--- ASSIGNMENT ---
What are the lines below, starting at the line containing "2022 High School" and ending at the line containing "aerial view of santa tereza village"? Write them out exactly, ends included, without pictures.

--- DATA FOR THIS EXERCISE ---
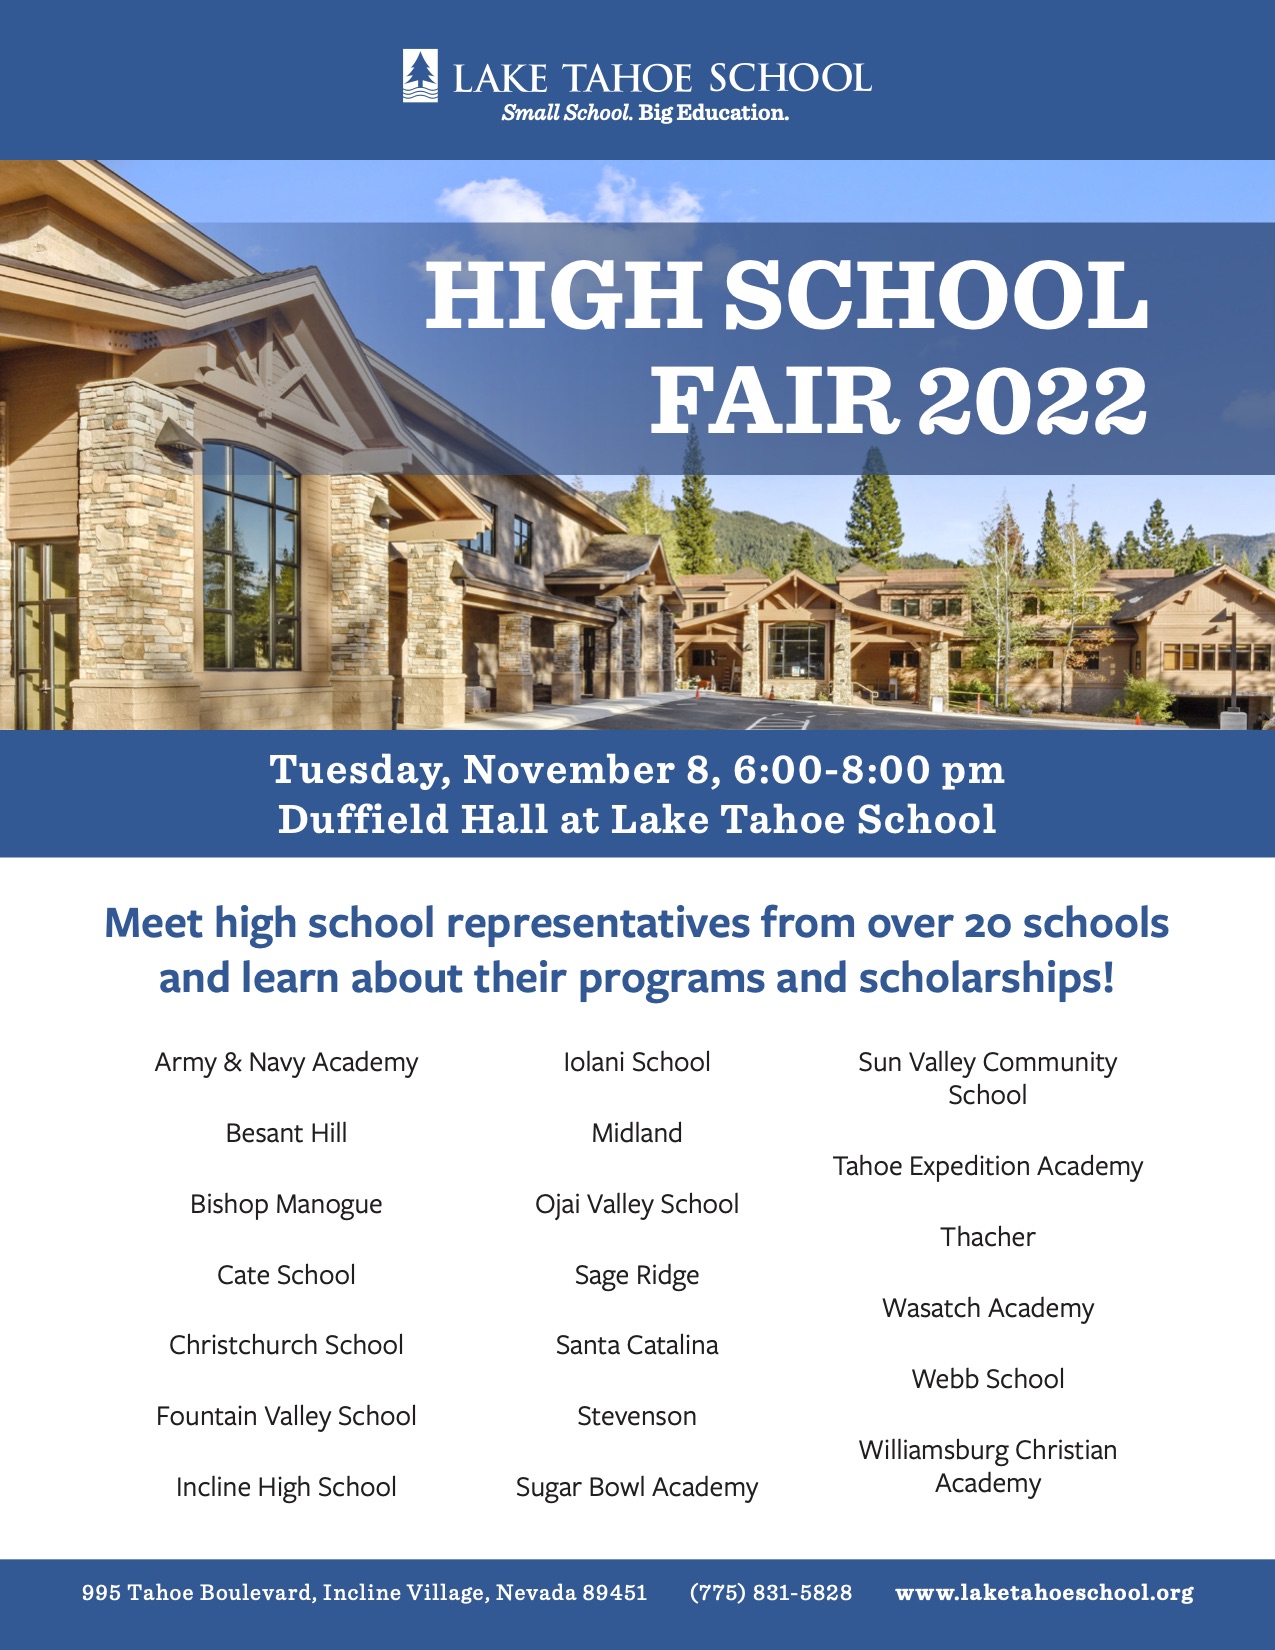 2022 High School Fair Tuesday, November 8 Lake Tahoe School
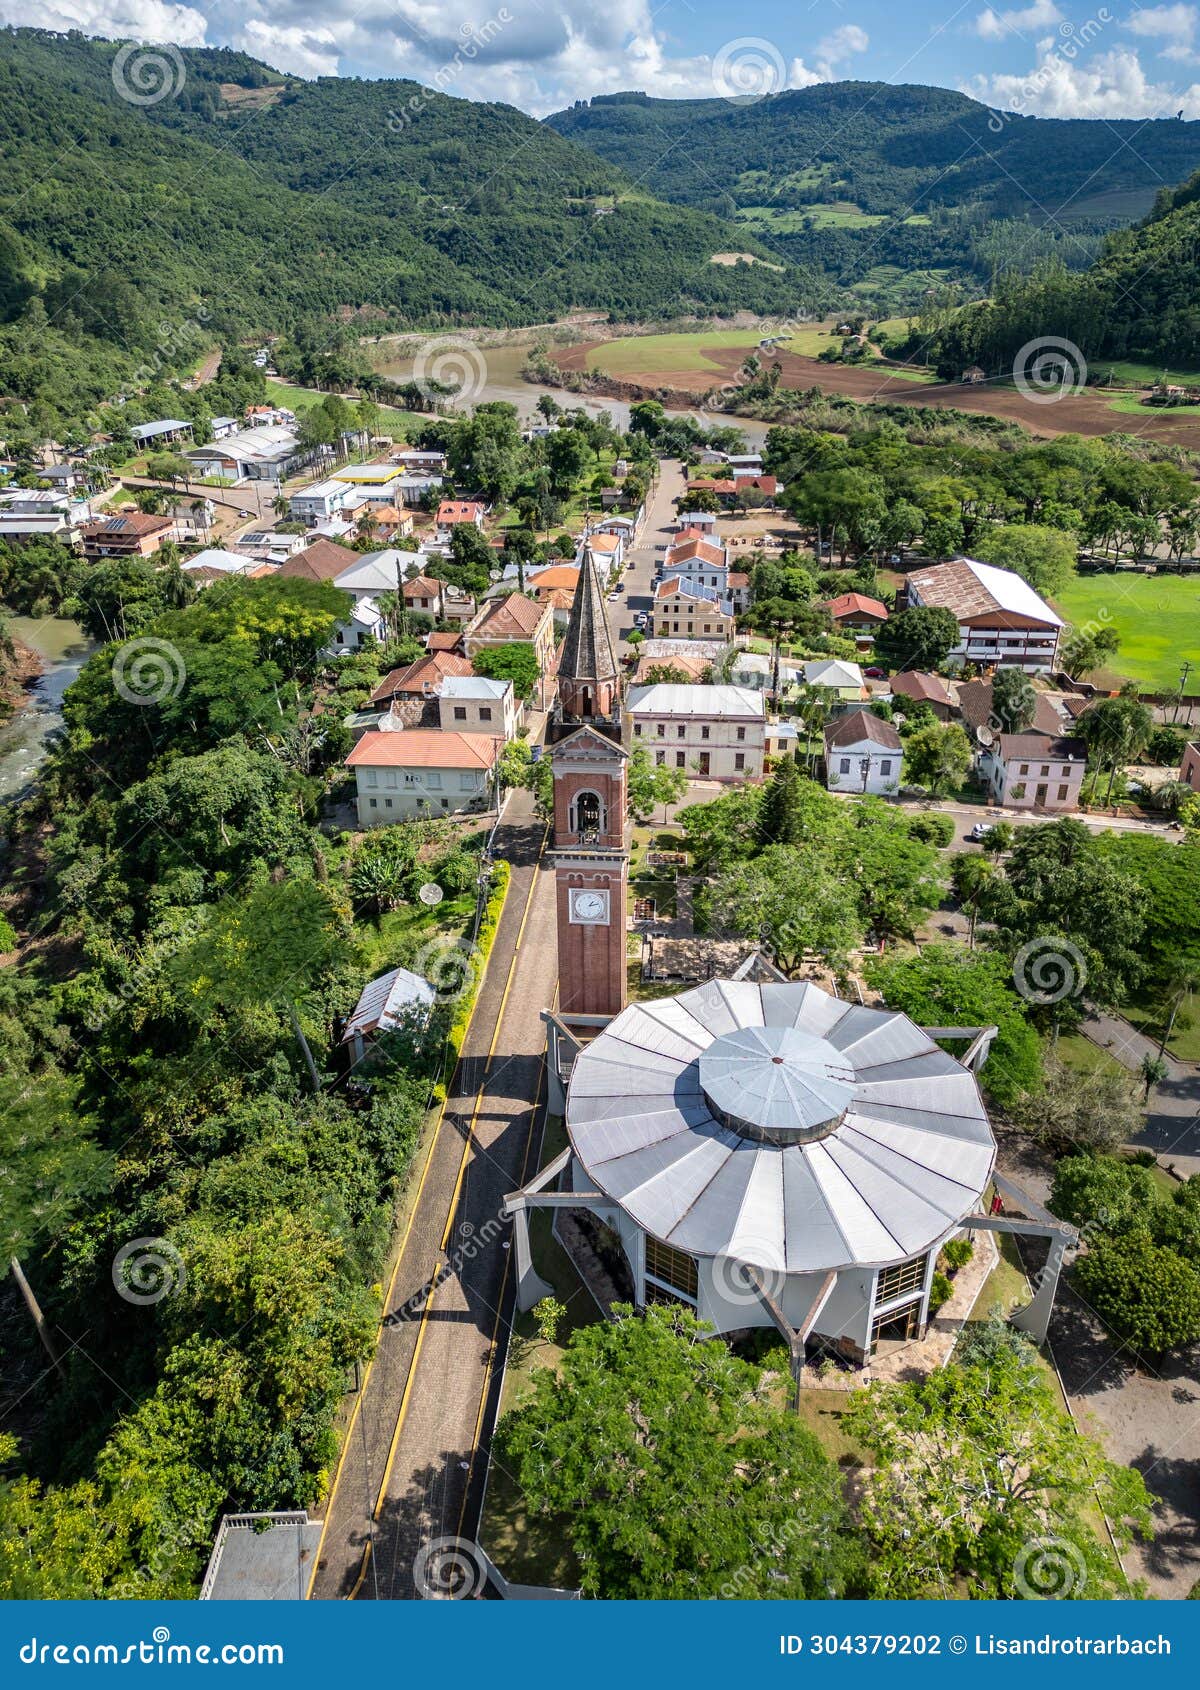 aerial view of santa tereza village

...

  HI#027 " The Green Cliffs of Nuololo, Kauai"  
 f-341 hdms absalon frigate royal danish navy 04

--

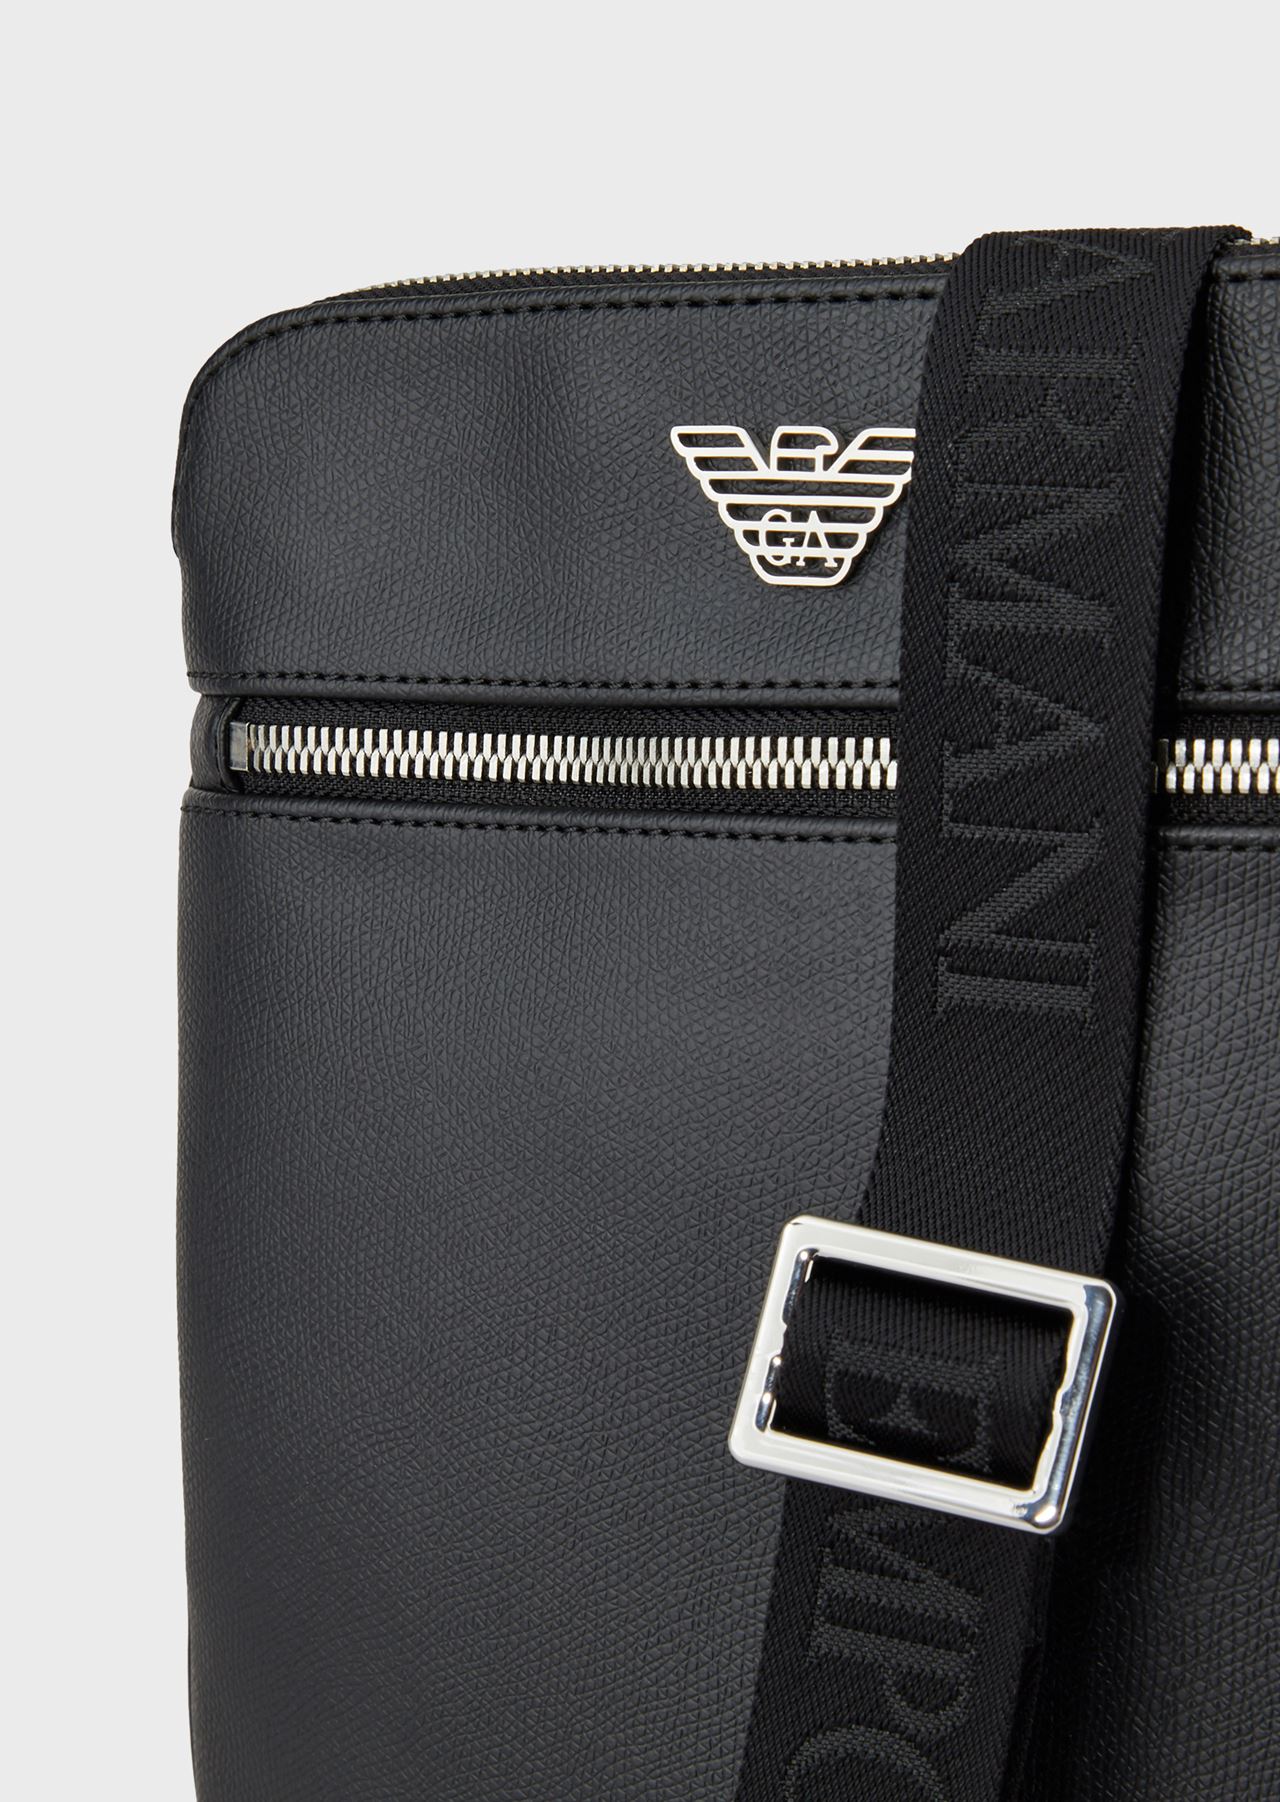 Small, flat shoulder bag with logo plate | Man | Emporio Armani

--- RESPONSE AREA ---
 2022 High School Fair Tuesday, November 8 Lake Tahoe School
 aerial view of santa tereza village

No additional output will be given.